◆ Exercise data
-------------------------

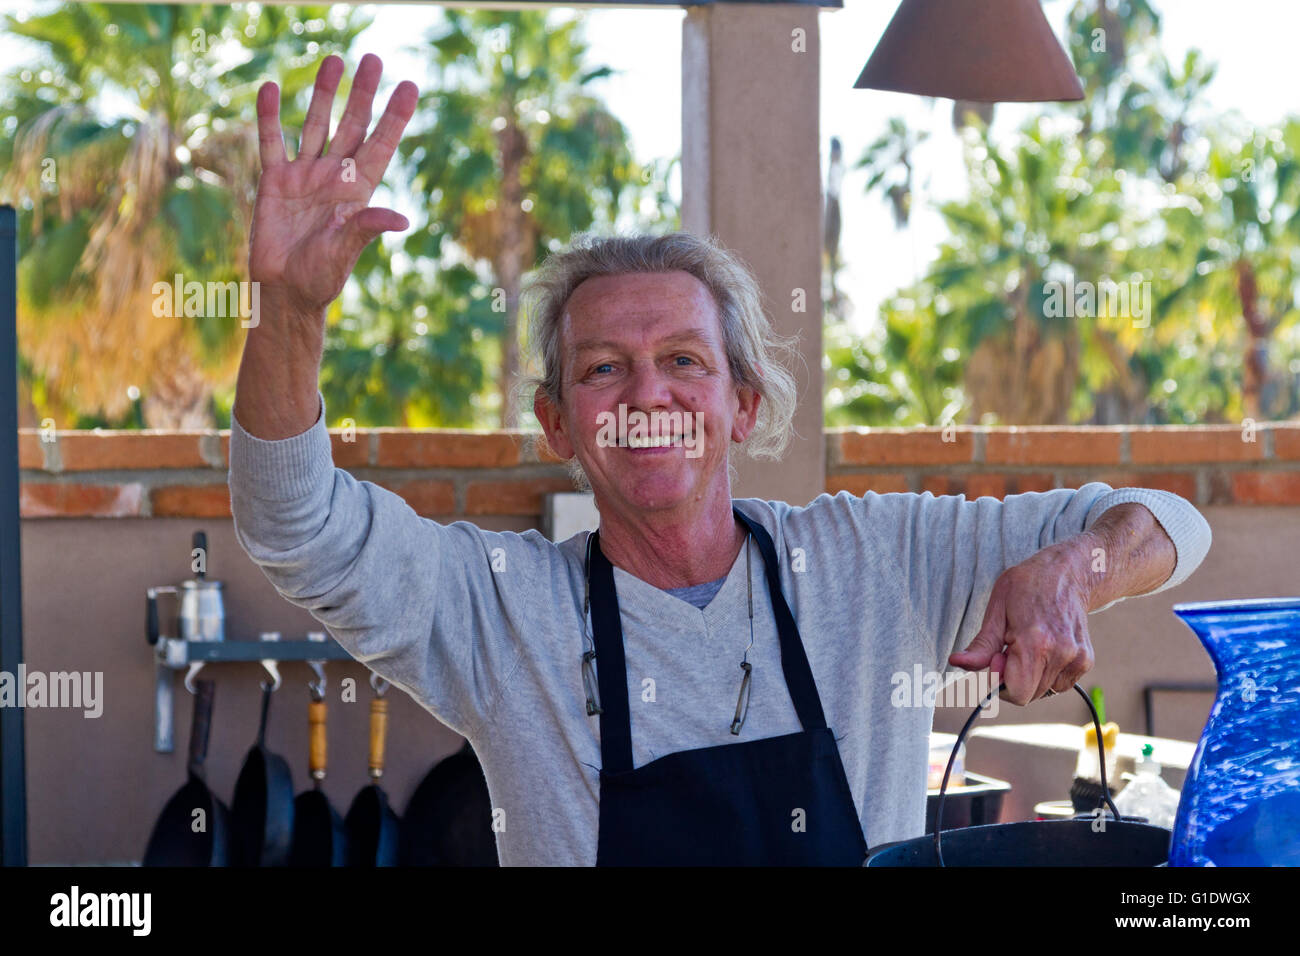 Michael Cope, artist, chef, and restaurateur happily at work in ...
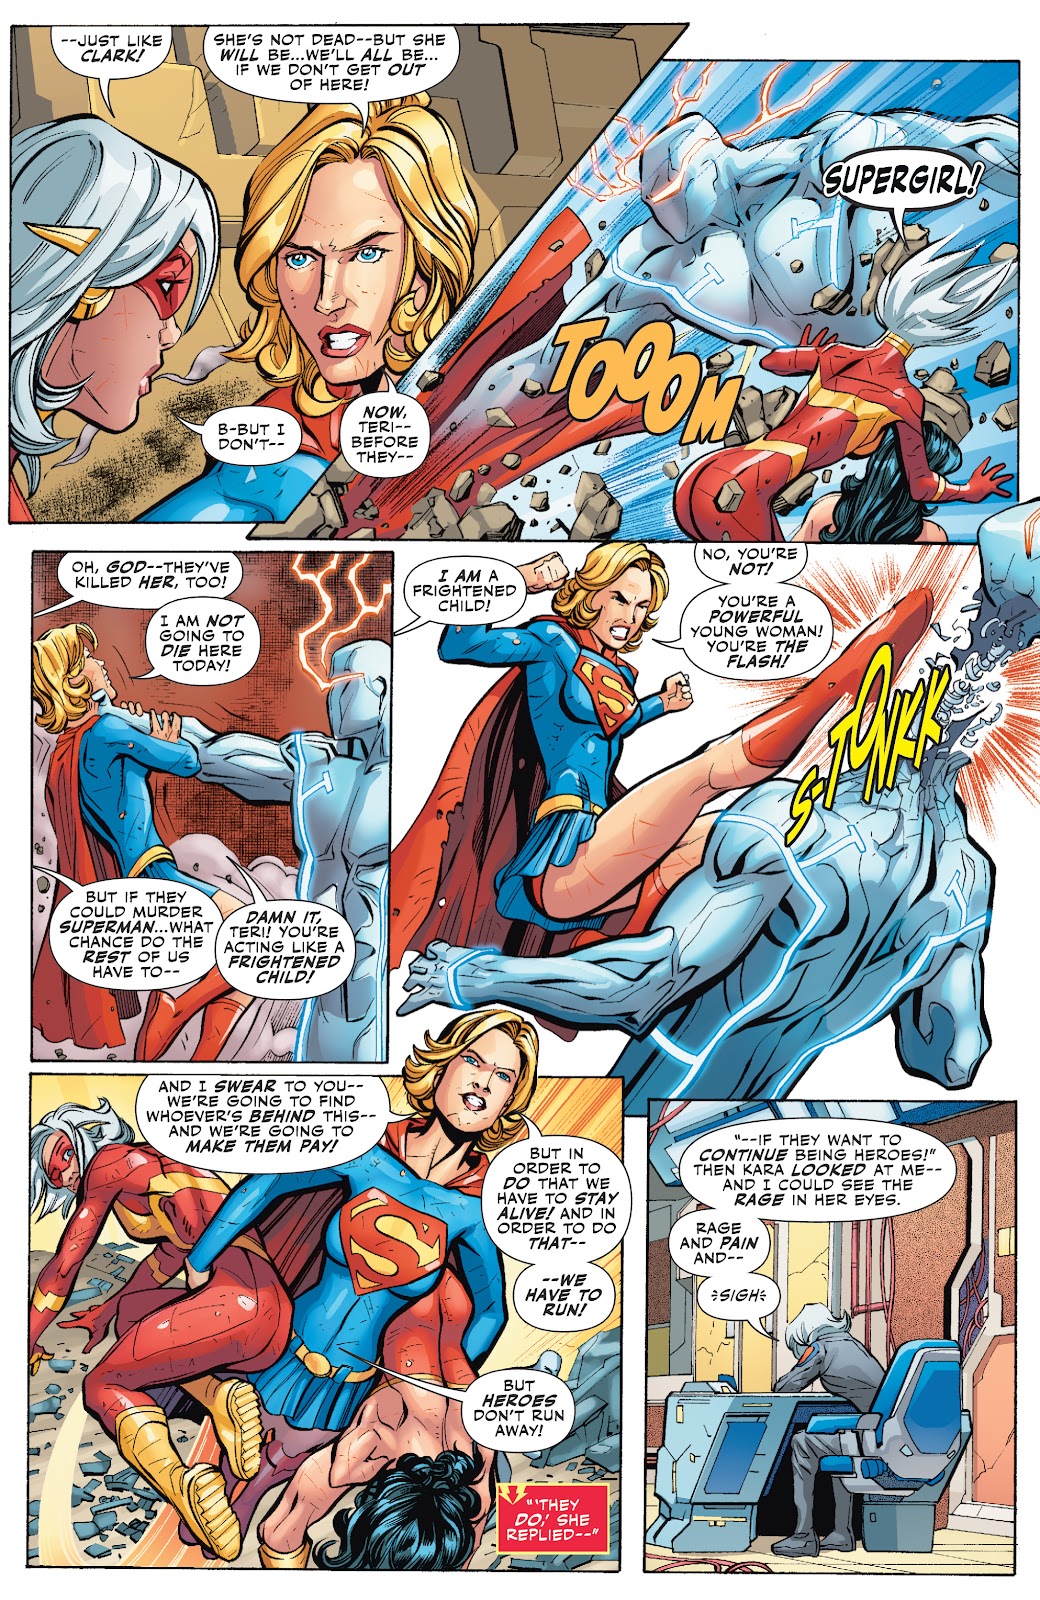 Justice League 3001 issue 7 - Page 4
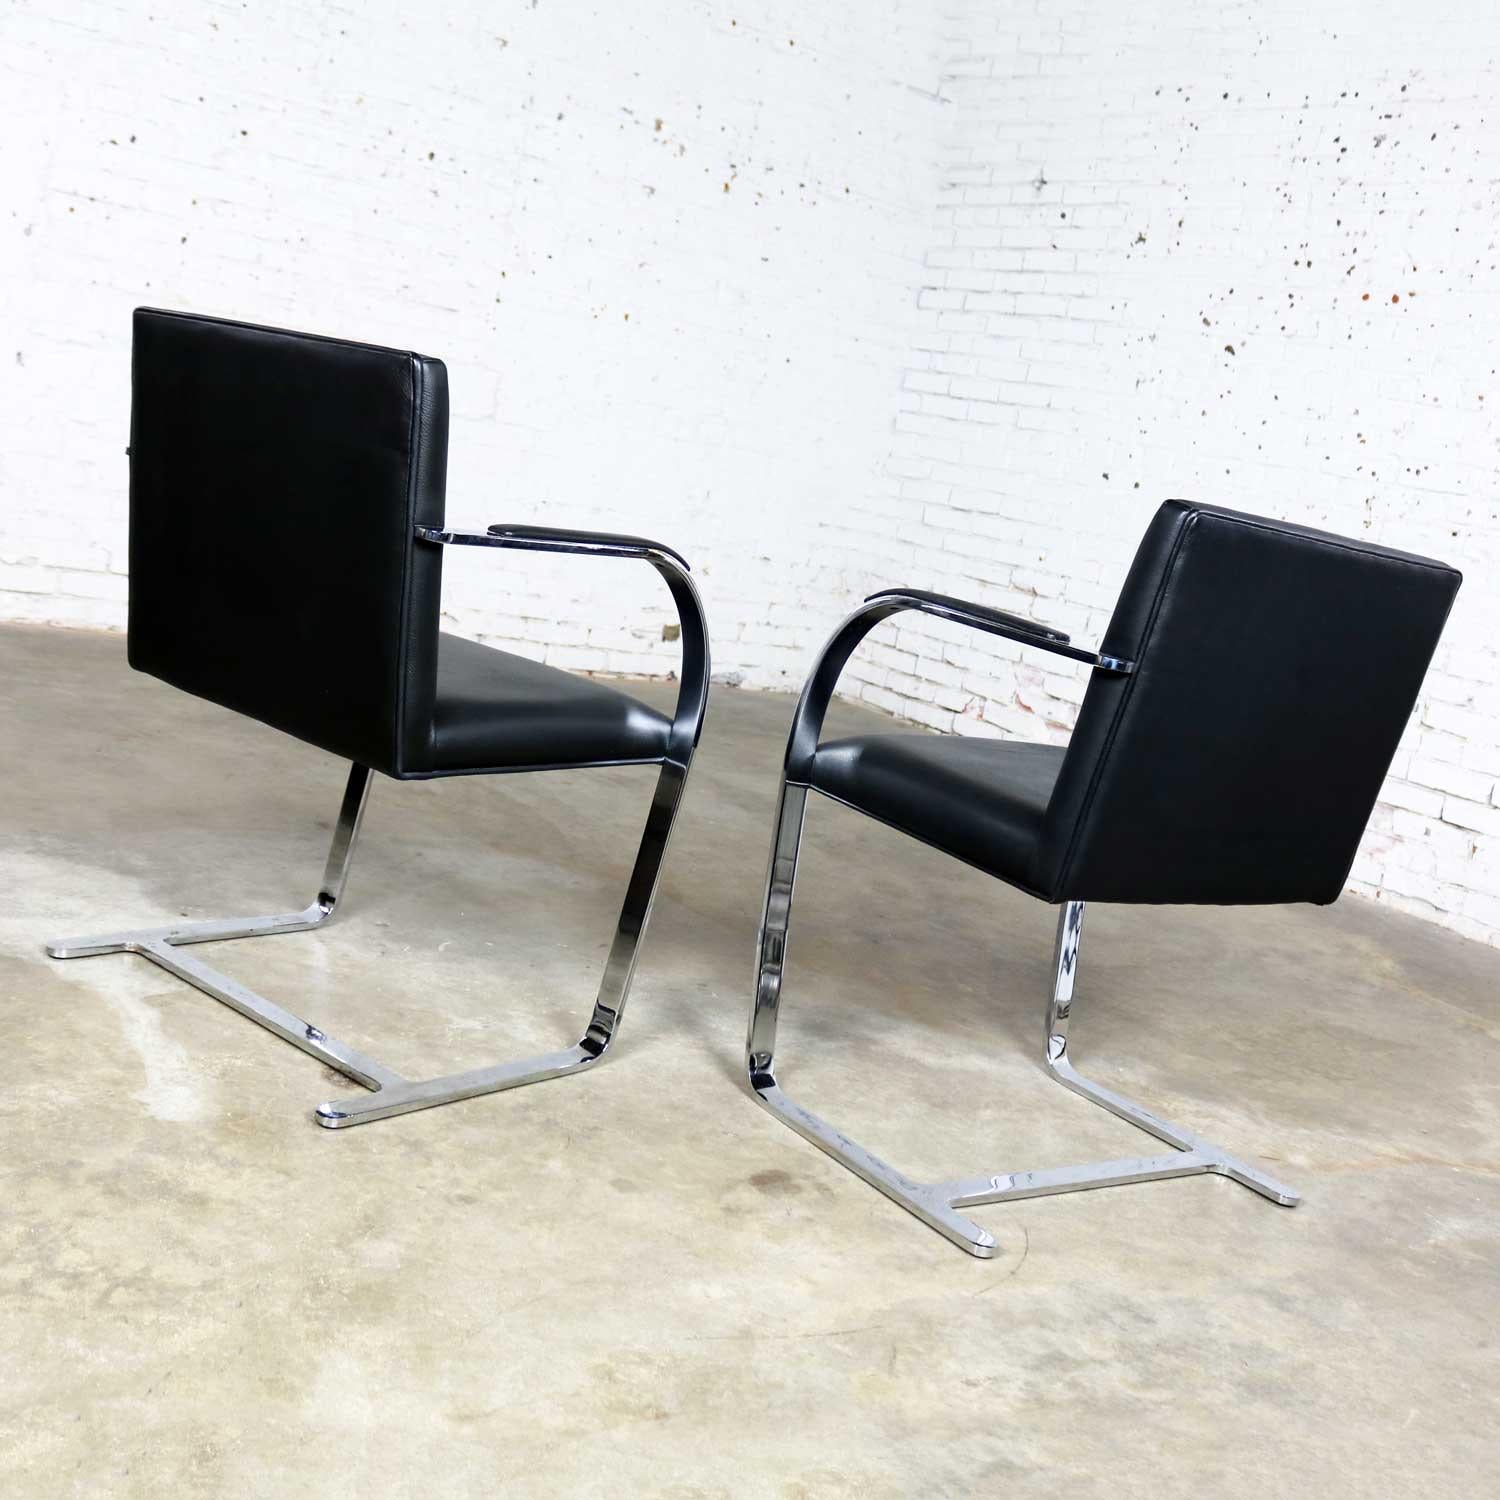 20th Century Black Leather Flat Bar Brno Chairs by Mies Van Der Rohe & Lilly Reich by Gordon

-------------------------

◆ Aim of the task
Nothing but the lines from the one containing "Justice League 3001 issue 7 - Page 4" through the end of the listing is to be output, and those lines are to be output exactly, pictures excluded.

◆ Task output
 Justice League 3001 issue 7 - Page 4
 20th Century Black Leather Flat Bar Brno Chairs by Mies Van Der Rohe & Lilly Reich by Gordon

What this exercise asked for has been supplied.